While Archer is still inside in his surgically applied Castor Troy disguise, a secret known only to select people, the real Troy wakes from his coma, murders the doctors and burns the clinic to the ground, after borrowing Archer’s face from its Futurama jar. So now, Archer is a locked up Troy with no way out but Troy is a very free Archer, ready to step right into his life. What’s an incognito hero to do?

It’s all a little schizophrenic but that’s what makes it such fantastic cinema. Cage now has to play Travolta playing Cage playing Castor Troy, while Travolta has to play Cage playing Travolta playing Archer. And that’s joyous!

It means that Cage, who started out in full gonzo mode, albeit a very bearable gonzo for once, is tasked with toning that way down to pass for a decent upstanding FBI agent, while retaining some psychopath because that’s who he is. It doesn’t hurt that he can take all credit for disarming a bomb he set as his real self in a way that makes his fake self seem like a hero.

And Travolta, who began as an obssessed agent with broken relationships to his family, has to turn it up to be credible as a legendary crazy dude, all while planning his escape from what seems to be an inescapable prison. It’s a freeing experience in some ways because now he’s not required to follow rules.

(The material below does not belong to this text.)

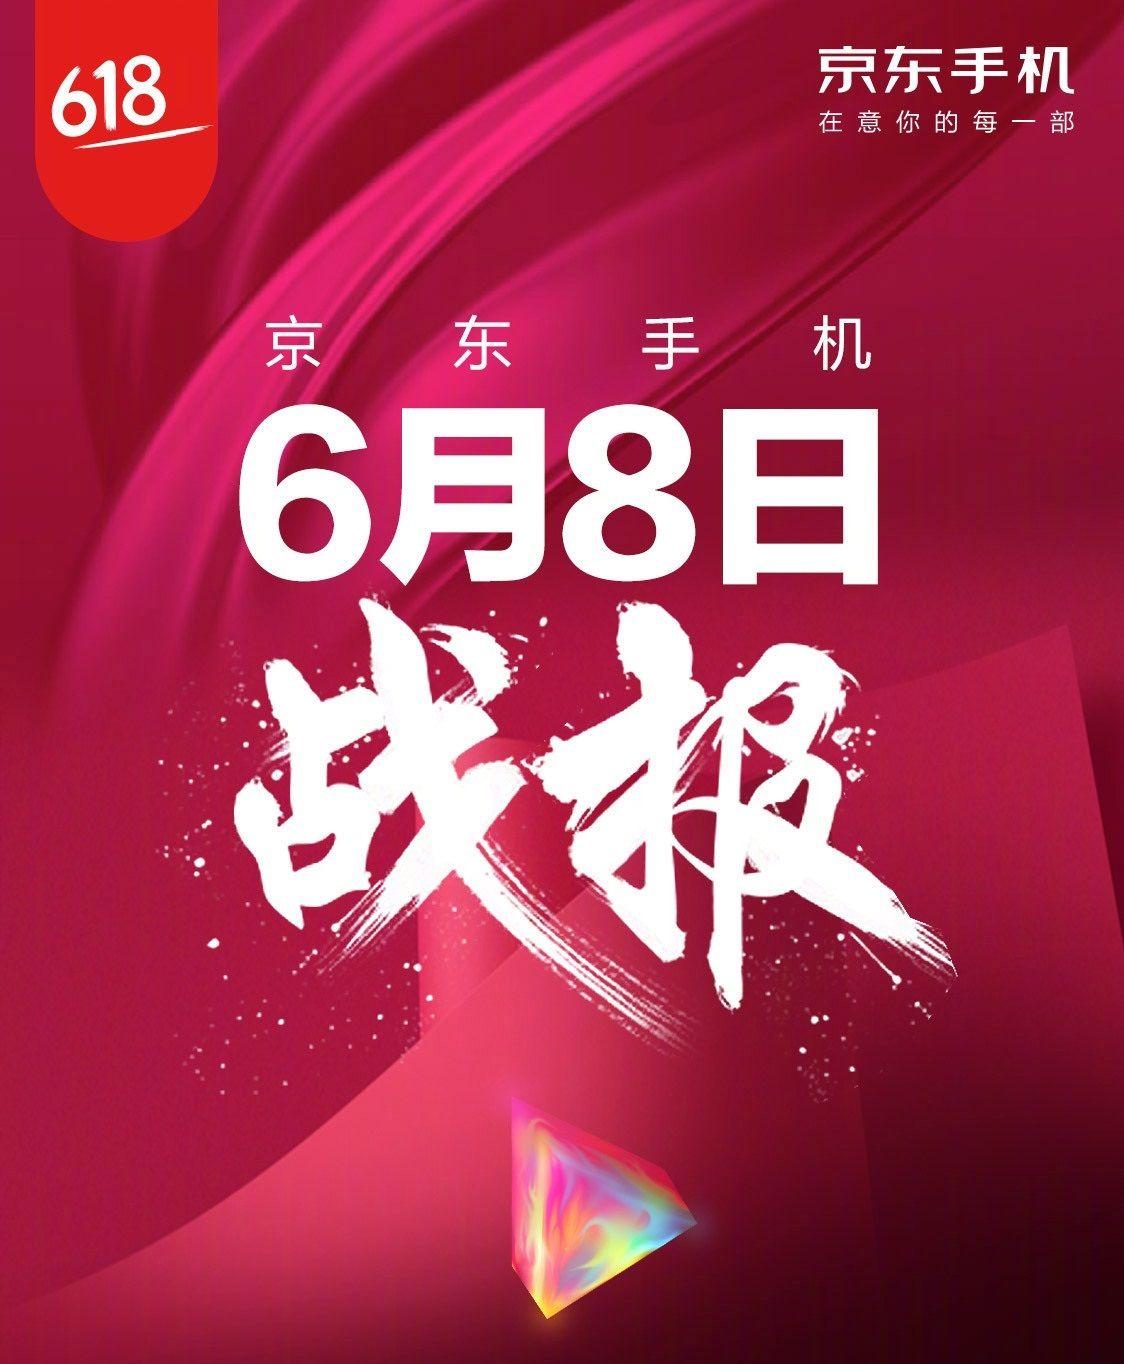 京東の「京東618(創業記念)セール」の8日目のランキングが公開。販売台数TOPはXiaomi

Oh yeah, this is fun! However, it’s fun on a few different levels. It’s fun as an action movie with two very capable actors living up to the expectations John Woo has for them. It’s fun as a psychological nightmare, for both of them but especially Travolta as Cage. He’s wearing the face of the man who killed his son and that man is now working his job, sleeping with his wife and corrupting his daughter. Talk about brutal trauma!

On a deeper level, it’s also fun as metaphor, most obviously in Archer’s daughter changing her look every week. We think it’s because she isn’t just a teenage girl but one traumatised by the loss of her younger brother and how her parents are broken by it too. Yet when Cage as Travolta sees this, he sees through it and tells her that it’s obvious that she’s been wearing someone else’s face since Michael died.

This is fun on every level there is, except for the one about believability. OK, maybe we can see through plenty of the stuntwork because it’s surely not Travolta and Cage doing much of it, but that’s no big deal.

However, just think about the premise for a single moment and it all falls apart. You have to let this film take you on a ride, suspending disbelief, and it’s a more glorious, more over-the-top, more action-filled action movie than The Rock and Con Air put together, while also tweaking our heartstrings with little twists in the tale that I won’t spoil. Woo was always a master at setting innocence in the middle of ultra-violence and he does that here with his usual sense of style, even putting a version of Over the Rainbow to fantastic use.

So this is fun and it’s a perfect way to wrap up Nicolas Cage’s First Thirty. He started out as a nephew but took a new name to become nobody, then became somebody, got noticed, got unnoticed, won an Oscar and ended up an abiding name, Nicolas Motherfucking Cage.